The Inductive Bottleneck: Data-Driven Emergence of Representational Sparsity in Vision Transformers (2512.07331v1)

Published 8 Dec 2025 in cs.CV

Abstract: Vision Transformers (ViTs) lack the hierarchical inductive biases inherent to Convolutional Neural Networks (CNNs), theoretically allowing them to maintain high-dimensional representations throughout all layers. However, recent observations suggest ViTs often spontaneously manifest a "U-shaped" entropy profile-compressing information in middle layers before expanding it for the final classification. In this work, we demonstrate that this "Inductive Bottleneck" is not an architectural artifact, but a data-dependent adaptation. By analyzing the layer-wise Effective Encoding Dimension (EED) of DINO-trained ViTs across datasets of varying compositional complexity (UC Merced, Tiny ImageNet, and CIFAR-100), we show that the depth of the bottleneck correlates strongly with the semantic abstraction required by the task. We find that while texture-heavy datasets preserve high-rank representations throughout, object-centric datasets drive the network to dampen high-frequency information in middle layers, effectively "learning" a bottleneck to isolate semantic features.

Summary

The paper demonstrates that Vision Transformers exhibit a dynamic inductive bottleneck, adapting representational sparsity based on image data complexity.
It employs Effective Encoding Dimension to quantify the compression and expansion of feature representations across network layers.
Empirical results highlight that dataset characteristics, such as texture versus feature diversity, significantly influence the emergence of the bottleneck.
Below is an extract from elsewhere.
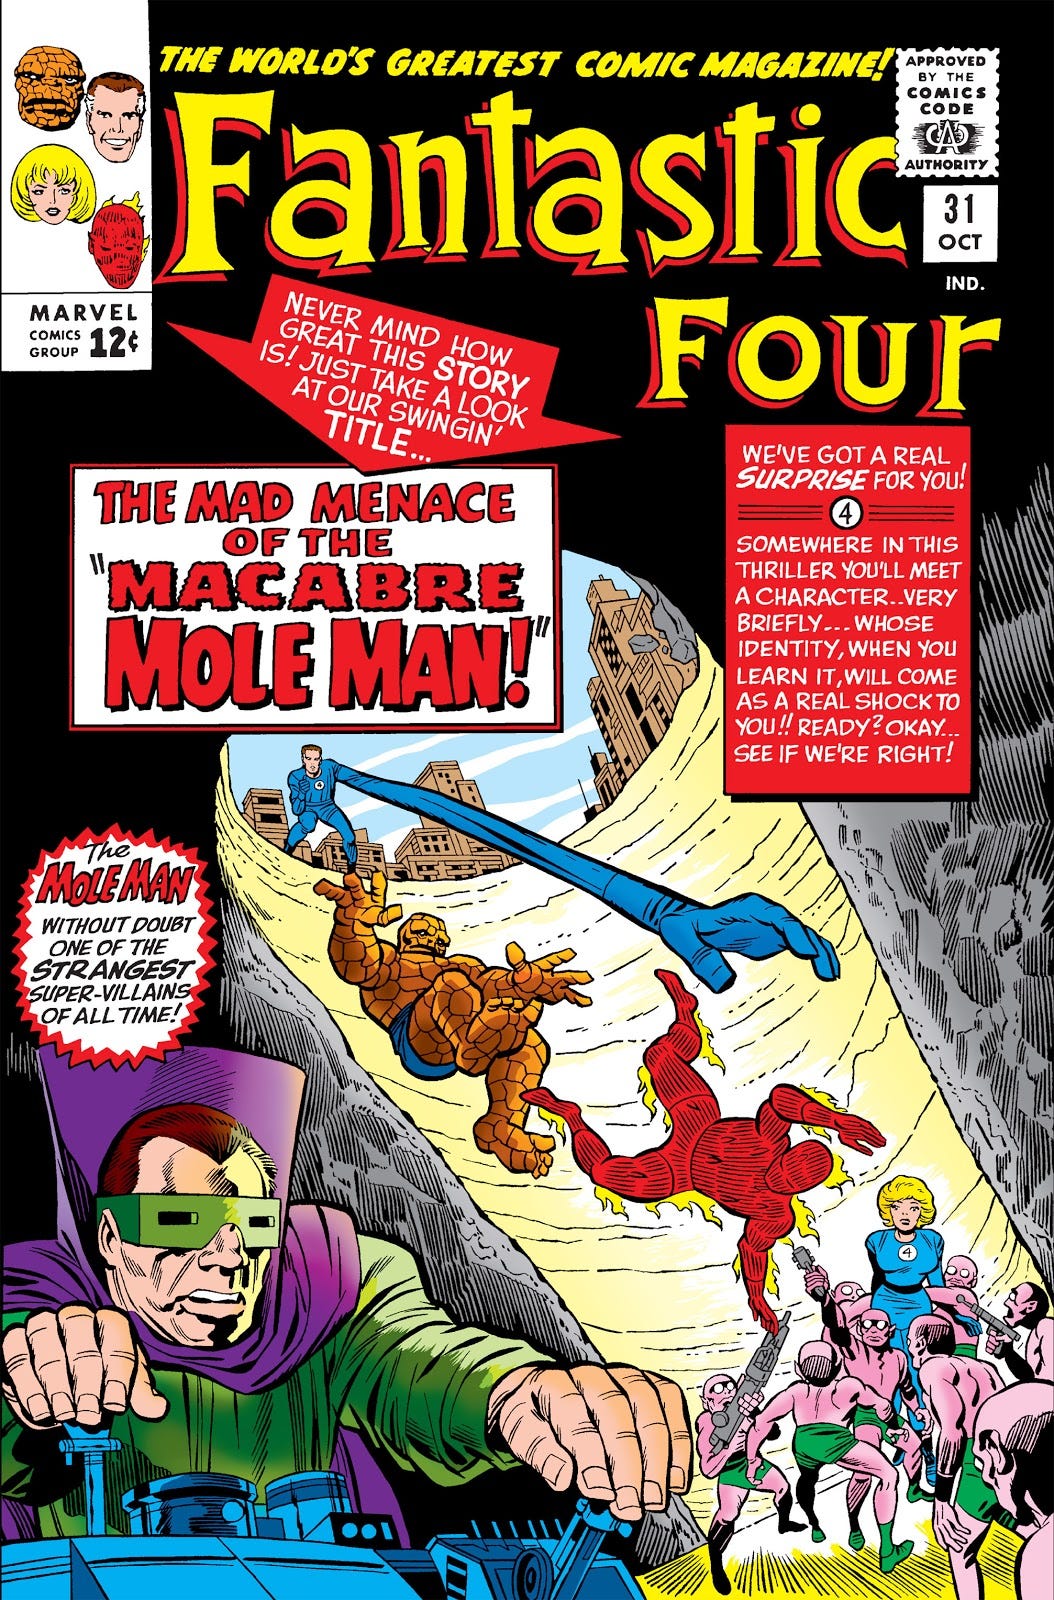 Fantastic Four Vol 1 31 | Marvel Database | Fandom

The Inductive Bottleneck: Data-Driven Emergence of Representational Sparsity in Vision Transformers

Introduction

Vision Transformers (ViTs) have emerged as a significant advancement in the field of computer vision, transitioning from the hierarchical inductive biases inherent in Convolutional Neural Networks (CNNs) towards a framework that retains high-dimensional representations throughout layers. Despite their theoretical isotropic design, recent findings highlight an emergent compressive structure within ViTs, known as the "Inductive Bottleneck". This paper presents a detailed investigation into this phenomenon, demonstrating that it is not merely an architectural byproduct but a data-driven adaptation mechanism.

Theoretical Framework

The concept of effective dimensionality is central to understanding the Inductive Bottleneck. By employing the Effective Encoding Dimension (EED), the paper quantifies the rank of feature representations at each layer in ViTs. This measure reveals a U-shaped entropy profile, aligning with the Information Bottleneck principle where the network balances between rich, predictive representations and compact, noise-ignoring transformations.

Methodology

The study utilizes a ViT-Small architecture trained with the self-supervised DINO method across datasets of varying compositional complexity: UC Merced, Tiny ImageNet, and CIFAR-100. DINO's self-distillation approach avoids collapse in self-supervision, crucial for observing attention map properties that denote object-background segmentation. Effective Encoding Dimension calculations reveal adaptive rank profiles responsive to the nature of image data.

Results: The Emergence of the Bottleneck

Empirical results underscore the Inductive Bottleneck's adaptability. In datasets like CIFAR-100, a pronounced bottleneck is observed, with EED reducing to approximately 23%, as the model compresses information to focus on salient features. By contrast, texture-heavy datasets like UC Merced maintain high EED percentages above 95%, as the task requires the preservation of high-frequency texture data.

Figure 1: Layer-wise Effective Encoding Dimension (EED) for ViT-Small on Tiny ImageNet. The profile clearly shows the "Inductive Bottleneck" structure: high rank at input, compression in the middle $\text{(L}_2\text{)}$ , and expansion at output ( $L_{11}$ ).

Discussion

This study elucidates the critical role of data in shaping the representational capacity of ViTs. The Inductive Bottleneck exemplifies the network's dynamic ability to adjust spatial dimensionality based on the task's demands. This contrasts with the static compression stages enforced in hierarchical architectures like Swin Transformers. The ability of ViTs to flexibly establish these bottlenecks highlights their potential for diverse applications, extending beyond image classification to other modalities.

Limitations and Future Work

The findings, while robust, are derived from ViT-Small architectures and warrant extension to larger variants to verify scalability. Additionally, the observed bottleneck behavior's applicability to tasks beyond classification, such as segmentation and object detection, remains an open question. Future research should explore causal interventions in architectural design and training regimes to optimize or even enhance these emergent properties strategically.

Conclusion

The Inductive Bottleneck is a pivotal finding in understanding Vision Transformers. It reveals that ViTs are not only capable of maintaining high dimensionality but can strategically compress and adapt representations according to the compositional complexity of the data. This behavior positions ViTs as versatile models with potential advancements in efficiency and performance across a broad spectrum of artificial intelligence applications.